__Input data__:
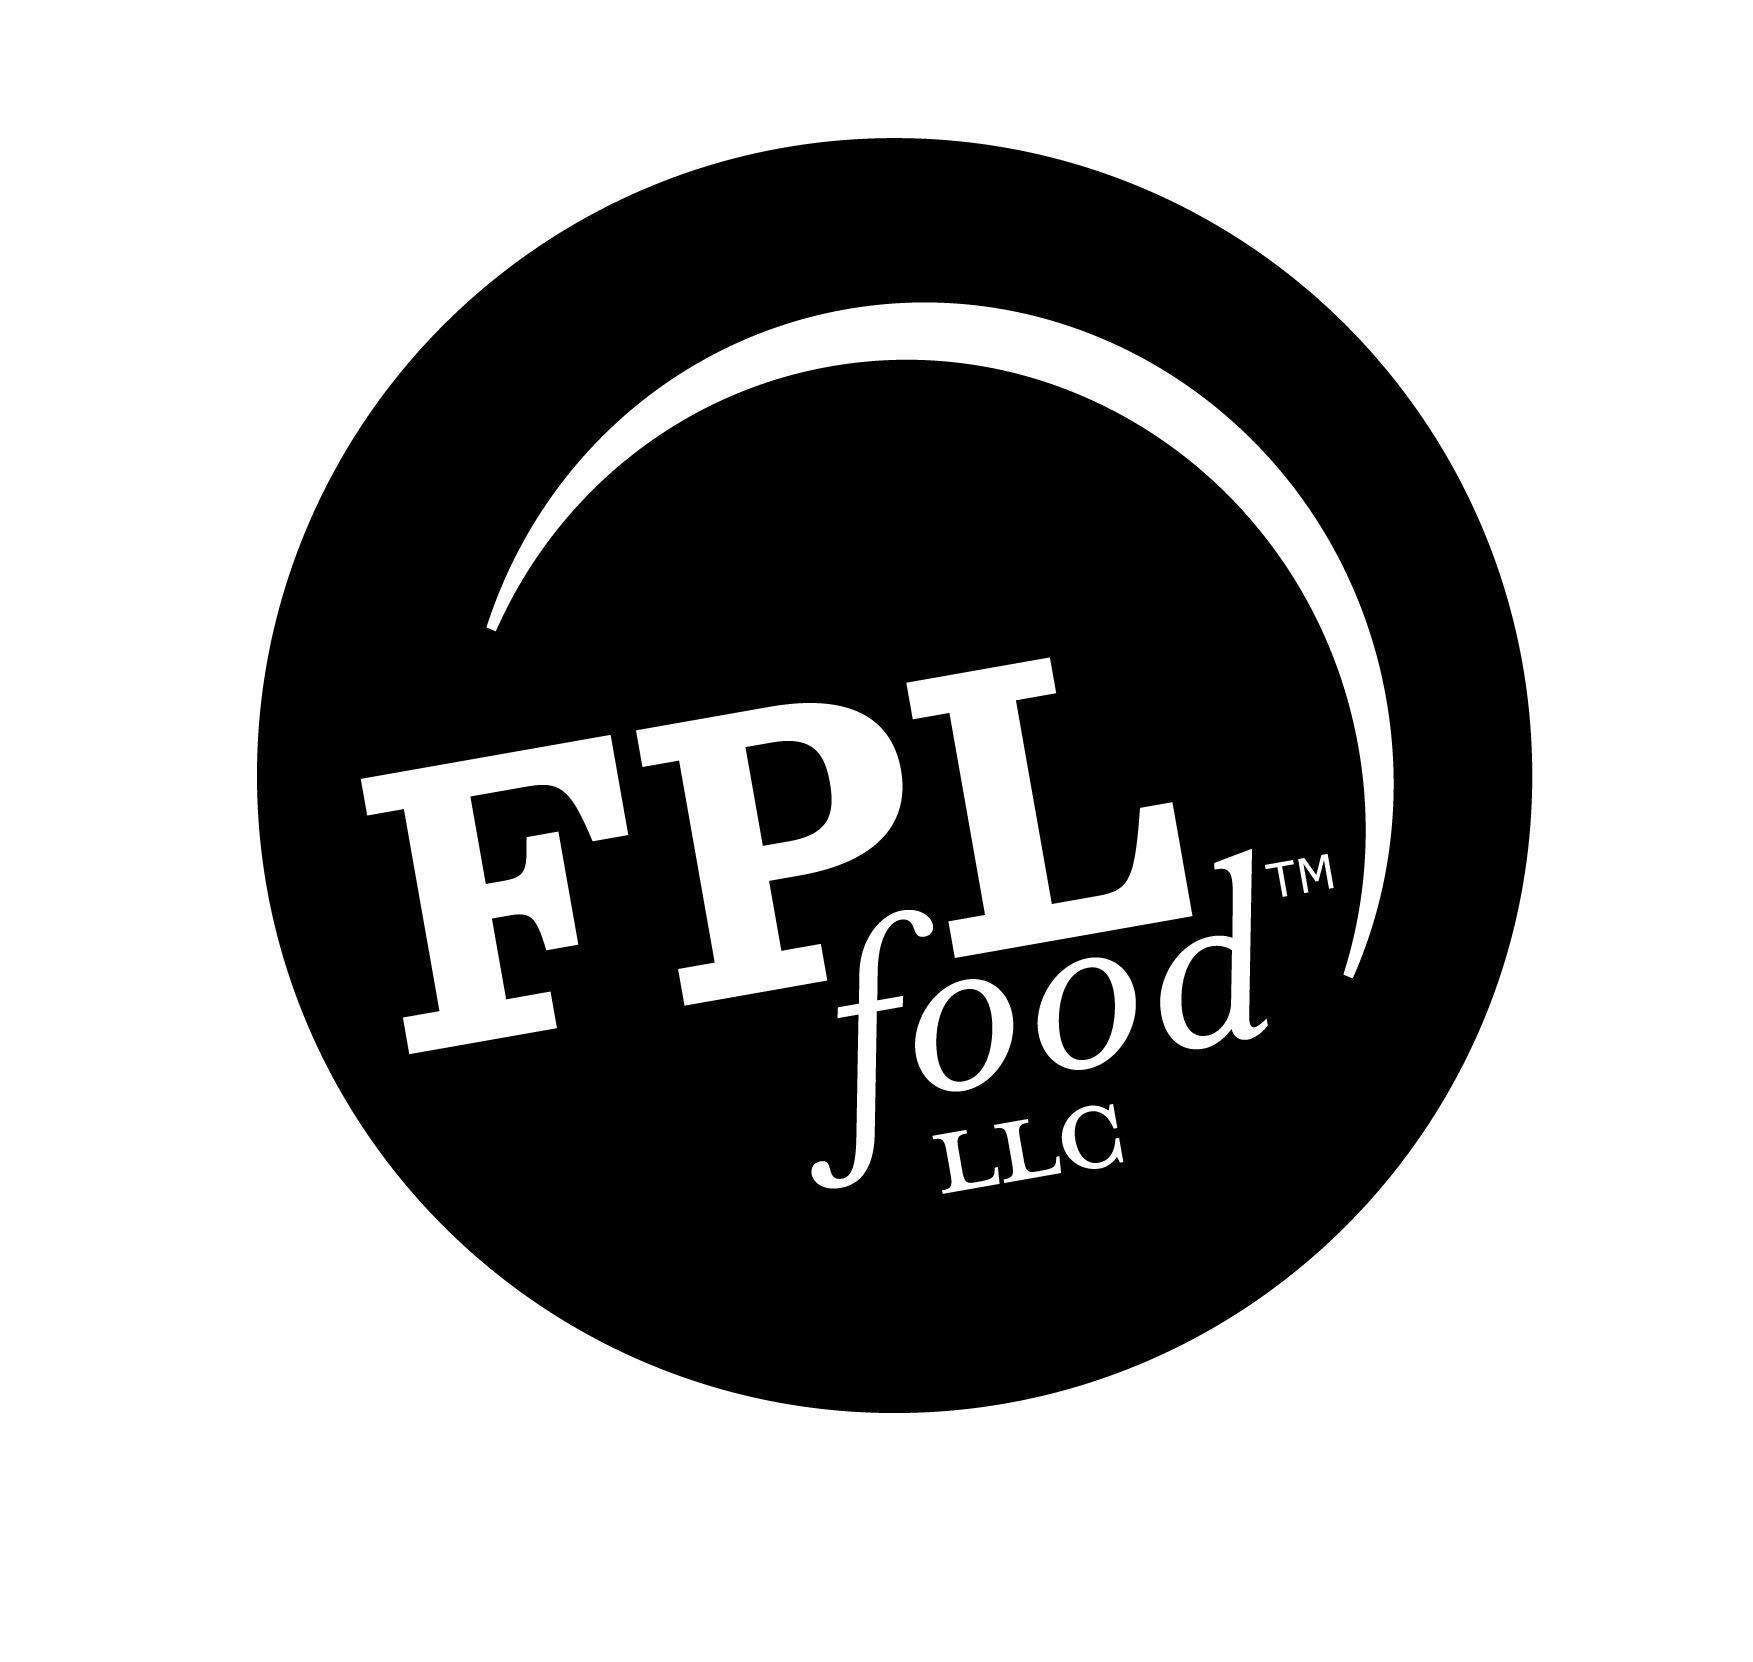 Quality Beef Producers In Georgia Fpl Food Llc
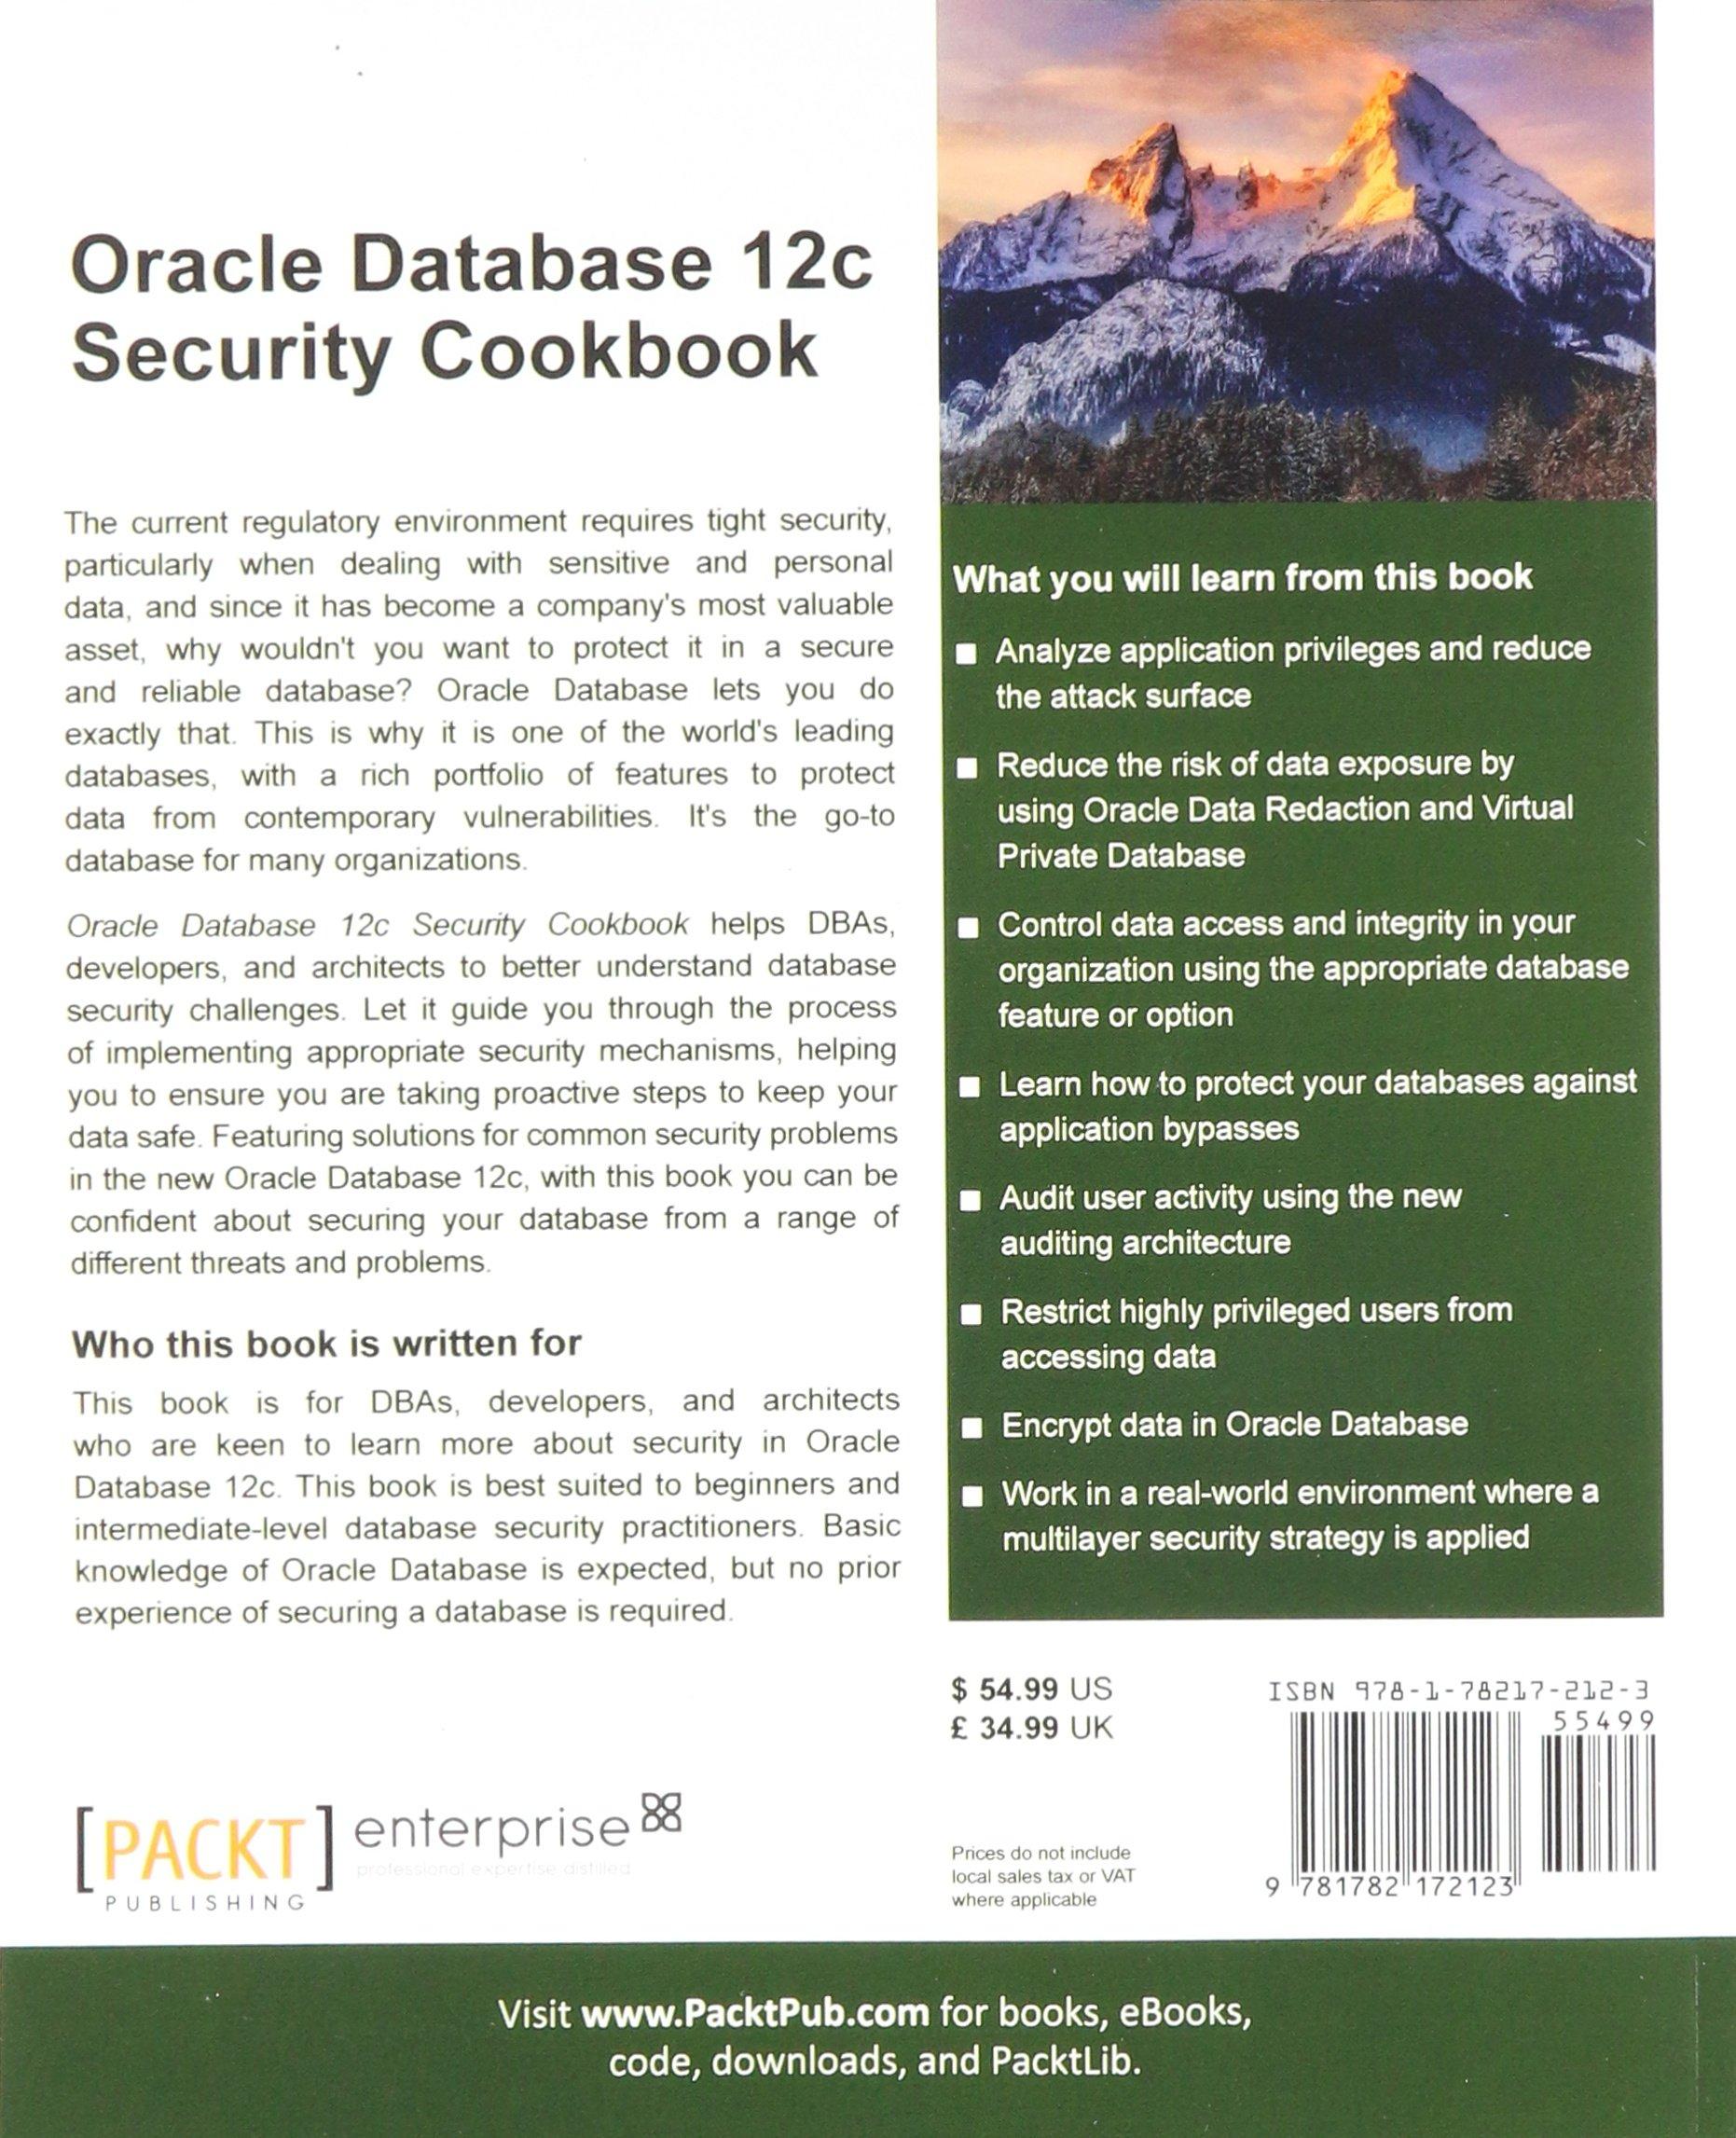 Oracle Database 12c Security Cookbook Zoran Pavlovic Maja Veselica And Auditing 9781782172123 Books
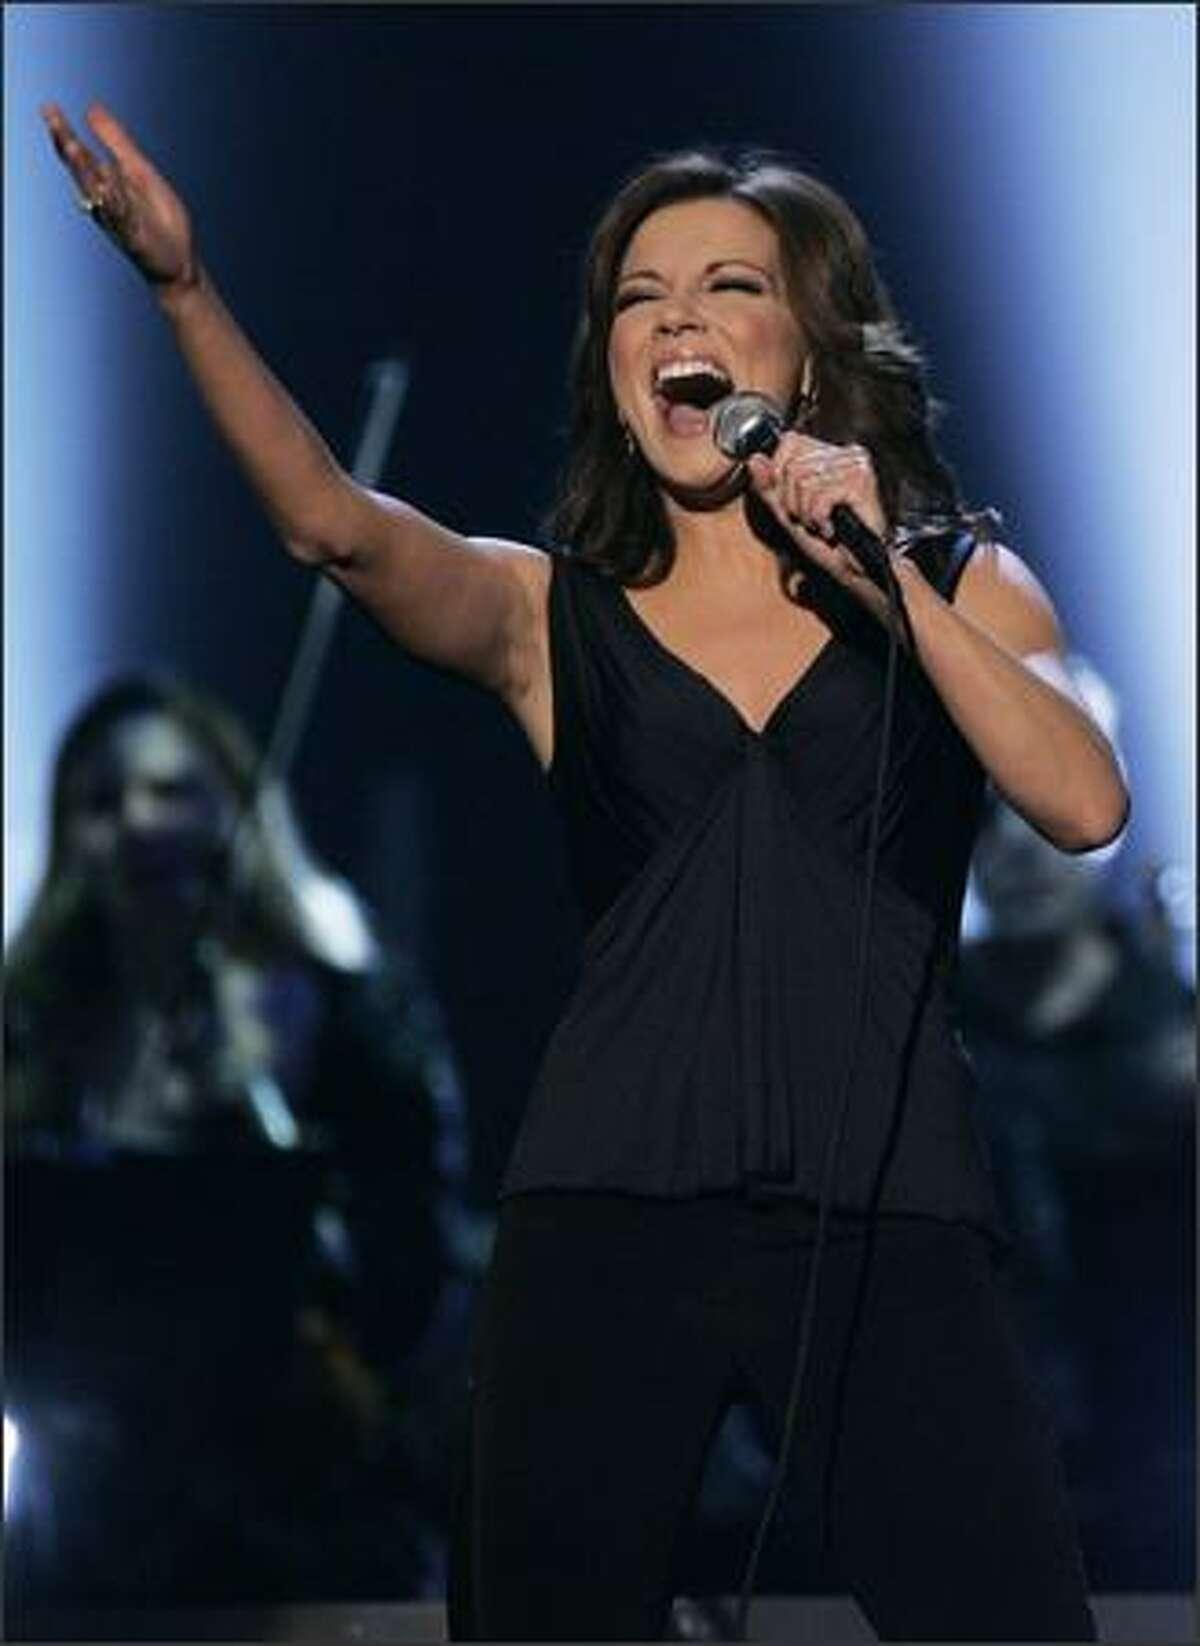 Martina McBride performs at the 40th Annual CMA Awards in Nashville, Tenn., on Monday. (AP Photo/Mark Humphrey)

__Your task__: Strip out the pictures and reproduce the remaining material above exactly.

__Solution__:
 Quality Beef Producers In Georgia Fpl Food Llc
 Oracle Database 12c Security Cookbook Zoran Pavlovic Maja Veselica And Auditing 9781782172123 Books
 Martina McBride performs at the 40th Annual CMA Awards in Nashville, Tenn., on Monday. (AP Photo/Mark Humphrey)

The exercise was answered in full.